Mirza Jahangir’s behaviour on his return to Delhi worsened and Akbar Shah agreed with the British (after he tried to poison his elder brother twice) that he be sent back to Allahabad. There he whiled away his time in drinking Hoffmann’s cherry brandy and making merry with dancing girls. In 1816, Col Sleeman (who suppressed the Thugs) found him in a bad state. “To obtain an interview with the Governer General, Lord Hastings he promised to limit himself to one bottle of port wine daily.” Lord Hastings described him as wearing a tartar dress, a crimson robe, blue vest, lined with fur and a high conical cap ornamented with fur and jewels, though it was the peak of summer. He had long hair, cut at the side — a handsome young man gone astray. The prince died in 1821, long before his parents, and was buried in a beautiful tomb in Delhi. His case was reminiscent of Absalom, King David’s favourite son, who died as a tragic biblical figure over 3000 years ago.

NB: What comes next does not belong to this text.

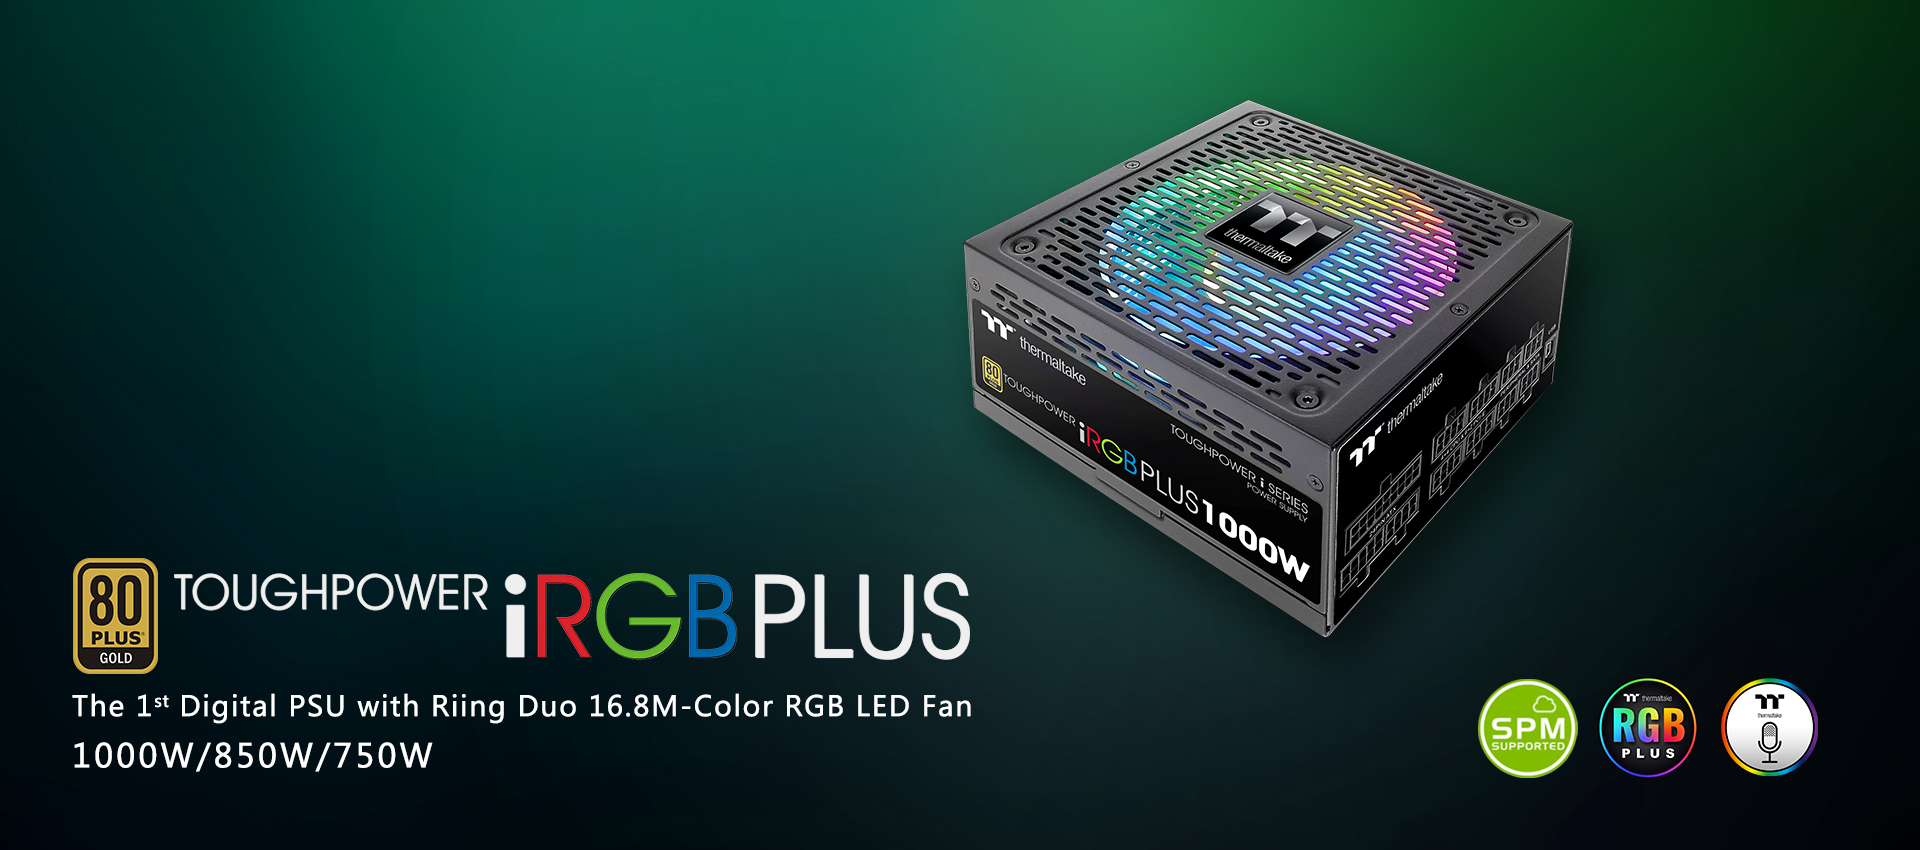 Toughpower iRGB PLUS 1000W Gold

Phoolwalon-ki-sair wends its way through Mehrauli to the Jharna led by shehnai players in brocade sherwanis and then to Jahaz Mahal. This Mahal is shaped like a ship, hence its name. Bahadur Shah Zafar, who was considered gay by his father and so “not worthy to be his successor” used to preside over the festival with great aplomb till 1856.

Yogeshwar Dayal is, however, missed very much after his death some years ago but the tradition is still sustained by the example he set. In the end one cannot help wondering what course Mughal history would have taken had Mirza Jahangir become king. Probably the British would have seized control well before 1857. But even so, that’s no reason why he should not get his due!

CORRECTION: In last week’s column headlined “Season of spooks”, it was mentioned that All Souls’ Day precedes Halloween. The reference was to All Saints’ Day. The error is regretted.